■ **Goal of the exercise**: The required answer is a copy of each line in the entries below that includes "Dress".

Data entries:

++++++++++

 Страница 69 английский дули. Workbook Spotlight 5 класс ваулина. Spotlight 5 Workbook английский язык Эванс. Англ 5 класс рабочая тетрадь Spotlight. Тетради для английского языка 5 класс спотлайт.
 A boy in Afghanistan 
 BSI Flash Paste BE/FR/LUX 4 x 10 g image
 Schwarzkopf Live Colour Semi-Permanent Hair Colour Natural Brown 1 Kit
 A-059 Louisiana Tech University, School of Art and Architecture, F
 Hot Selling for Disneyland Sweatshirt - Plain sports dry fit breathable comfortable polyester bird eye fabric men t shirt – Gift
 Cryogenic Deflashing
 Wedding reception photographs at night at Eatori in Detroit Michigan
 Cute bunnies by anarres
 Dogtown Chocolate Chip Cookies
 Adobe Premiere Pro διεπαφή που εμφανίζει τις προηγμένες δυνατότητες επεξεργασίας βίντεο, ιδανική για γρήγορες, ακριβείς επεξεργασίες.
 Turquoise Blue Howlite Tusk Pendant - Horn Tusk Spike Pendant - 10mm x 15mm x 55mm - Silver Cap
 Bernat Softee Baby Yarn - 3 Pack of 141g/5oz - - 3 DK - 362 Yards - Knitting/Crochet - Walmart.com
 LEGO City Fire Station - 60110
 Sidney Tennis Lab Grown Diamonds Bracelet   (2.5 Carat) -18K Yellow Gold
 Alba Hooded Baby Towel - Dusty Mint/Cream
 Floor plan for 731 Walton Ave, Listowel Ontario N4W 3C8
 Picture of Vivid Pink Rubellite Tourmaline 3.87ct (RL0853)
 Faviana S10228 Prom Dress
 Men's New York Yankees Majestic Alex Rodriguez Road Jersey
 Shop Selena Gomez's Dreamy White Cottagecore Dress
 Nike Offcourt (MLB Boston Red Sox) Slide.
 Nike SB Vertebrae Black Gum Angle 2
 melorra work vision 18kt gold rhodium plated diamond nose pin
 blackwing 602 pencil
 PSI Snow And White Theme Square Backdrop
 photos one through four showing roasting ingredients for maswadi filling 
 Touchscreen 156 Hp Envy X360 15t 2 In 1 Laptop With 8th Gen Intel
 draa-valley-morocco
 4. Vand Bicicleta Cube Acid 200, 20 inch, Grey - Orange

++++++++++

■ **Output of the exercise**:
 Faviana S10228 Prom Dress
 Shop Selena Gomez's Dreamy White Cottagecore Dress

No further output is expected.